Paman Jo menggeleng, “tidak, mereka tidak sebodoh itu. Ini urusan publik, semua mulut harus disumpal, bahkan kalau bisa anak panti paling kecil sekalipun. Semua anak pindah dengan lapang dada, gembira, bahkan menanti-nanti tempat baru mereka. Pemimpin panti, yang sudah tidak asing lagi di ingatan kalian, menjanjikan tempat yang lebih luas, fasilitas yang lebih memadai, makanan yang lebih enak di tempat baru itu. Kalau kalian ingin tahu lagi, kenapa tidak pindah secara jujur saja pada orang-orang, pada wali-wali mereka? Jawabannya mudah, anak-anak. Karena ada rencana jangka panjang setelah itu. Mereka akan menghilang dari permukaan.”

Aku menelan ludah, baru tahu kalau cikal bakal akademi akan seperti itu.

“Lantas, paman tahu dari mana?” Amel, dengan cerdasnya kembali bertanya kritis. Paman tertawa melihat tatapan tidak percaya Amel.

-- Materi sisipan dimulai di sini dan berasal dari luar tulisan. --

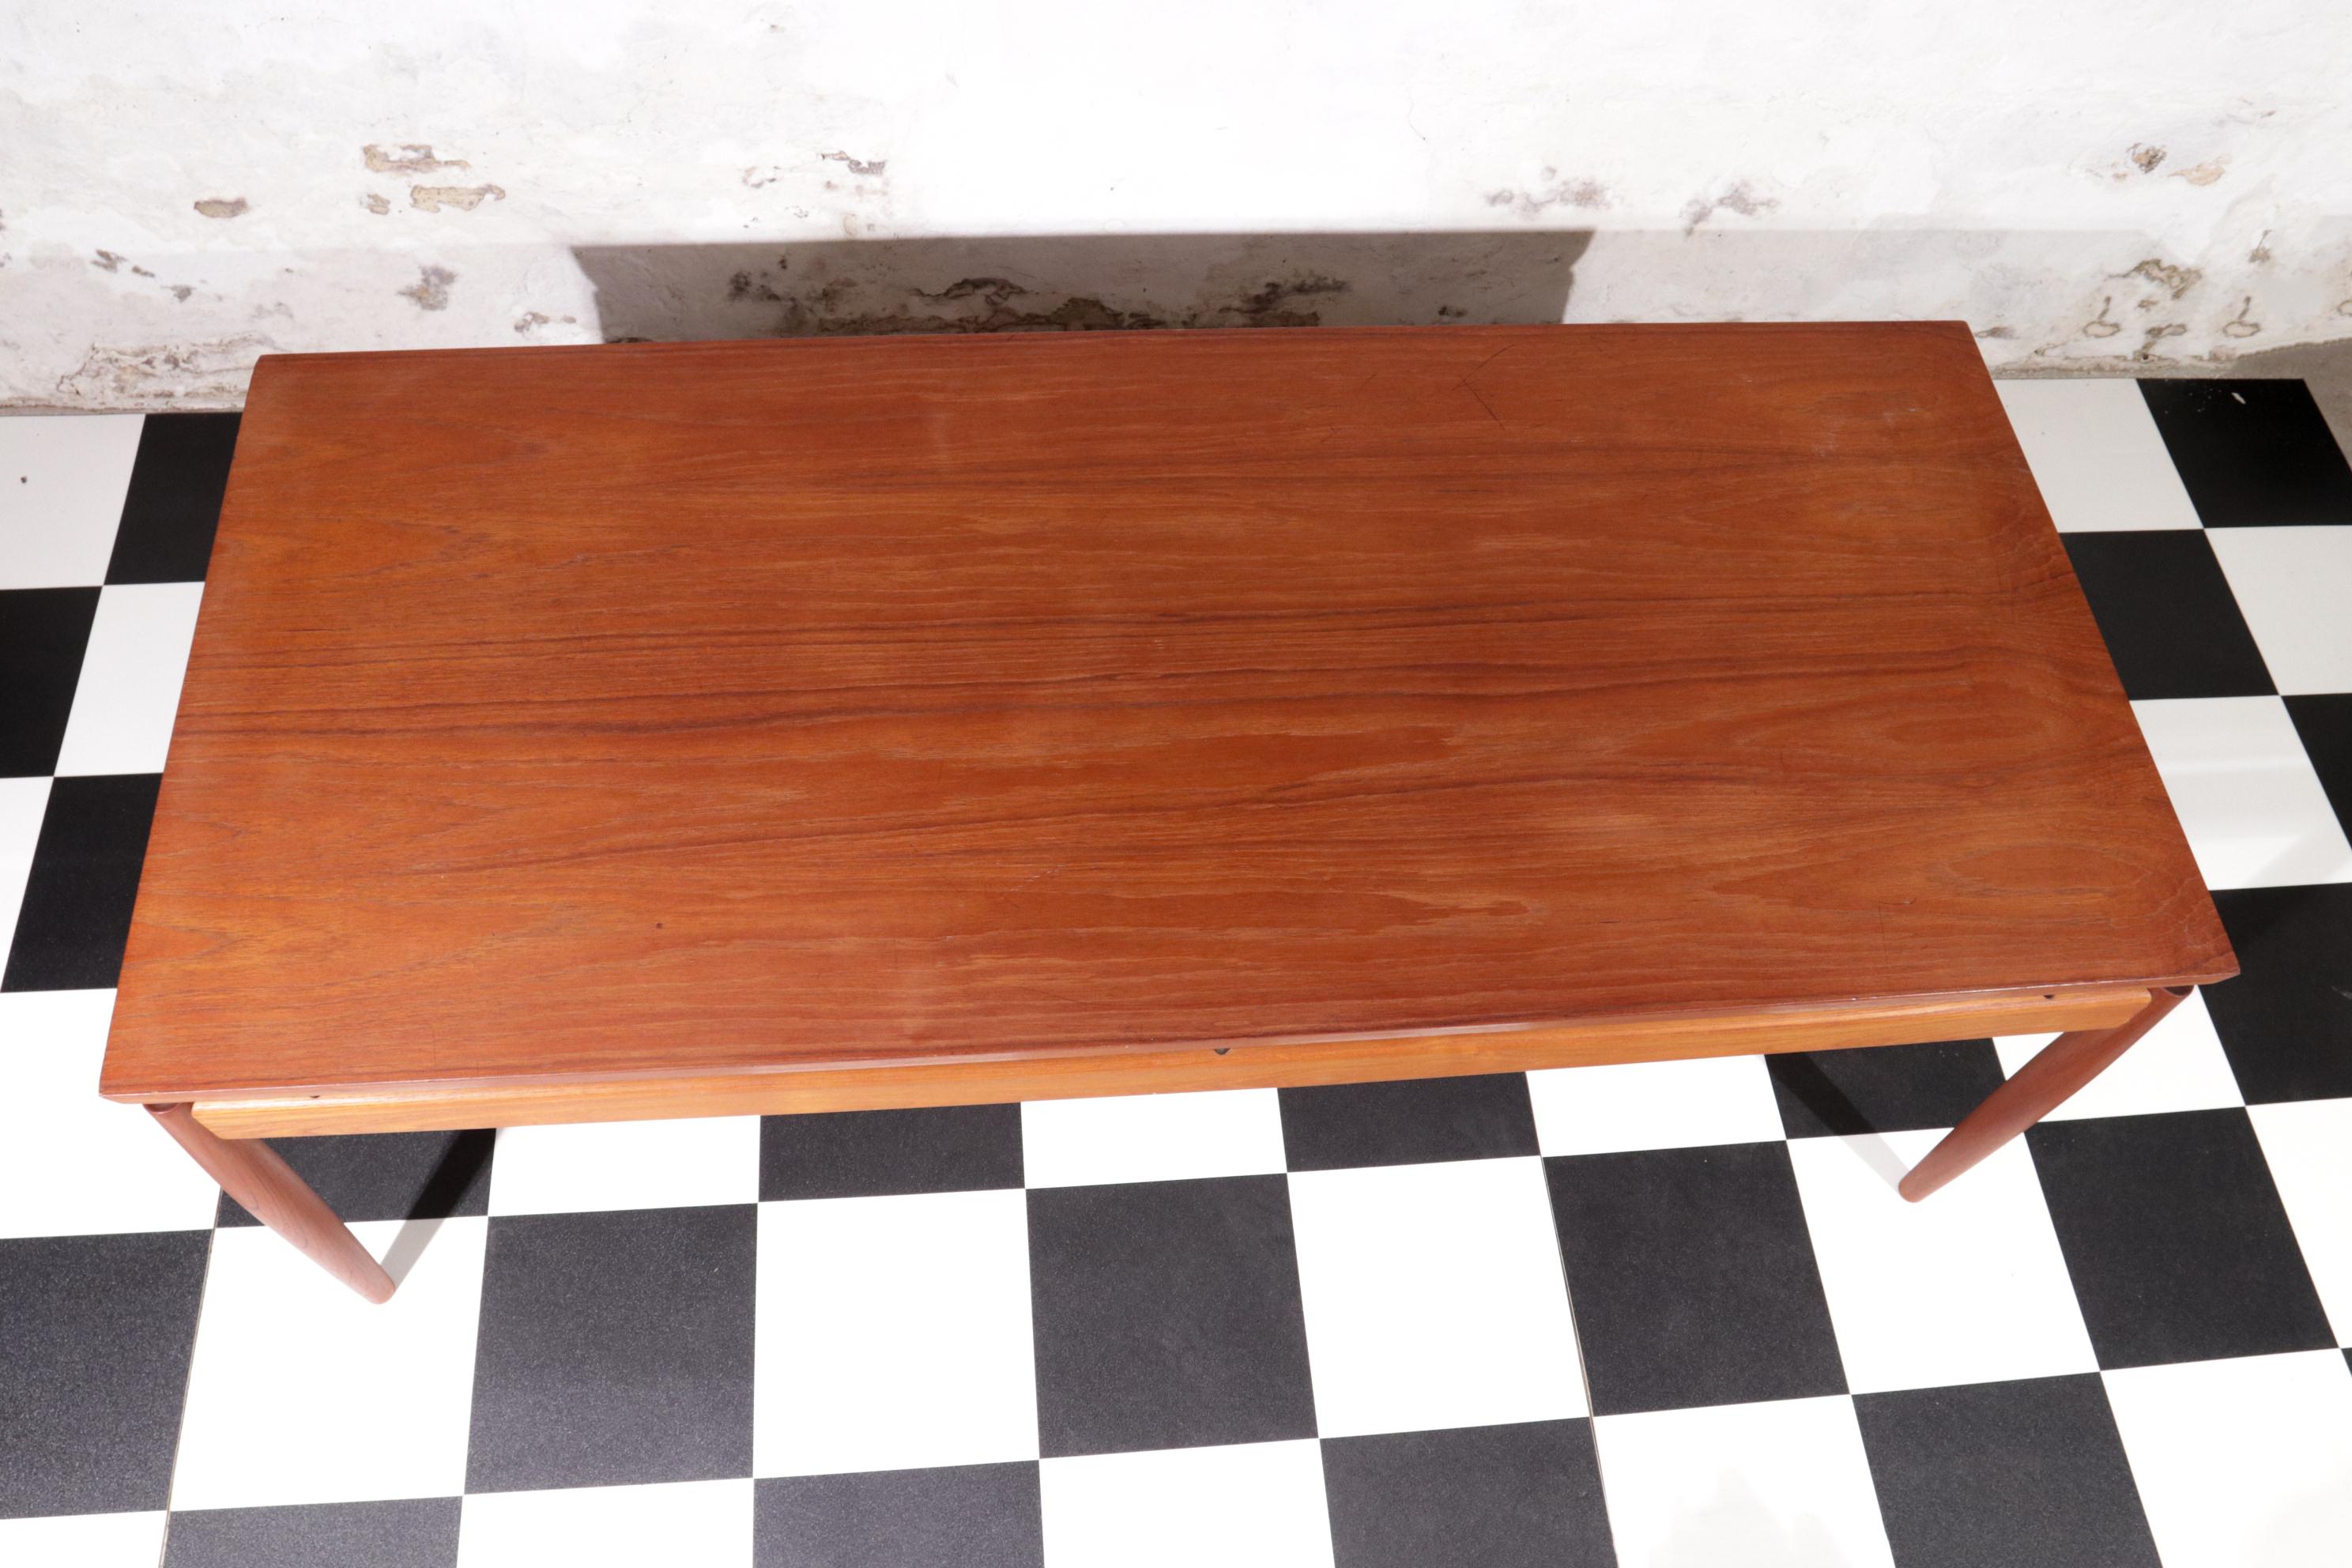 Danish Design Grete Jalk Sofa Table, Model 622 / 54 Teak France & Son, 1960s For Sale 1

“Pertanyaan yang masuk akal. Kabar itu tidak bocor sedikitpun, tapi paman yang bukan termasuk empat puluh orang itu bisa tahu. Aih, Amel, kenapa tidak kau kira-kira saja?” paman tersenyum menatap amel. Yang ditatap hanya menyengir, menggeleng pelan.

“Ya memastikan saja paman.”

Paman Jo terkekeh. Kami hanya diam menunggu jawabannya.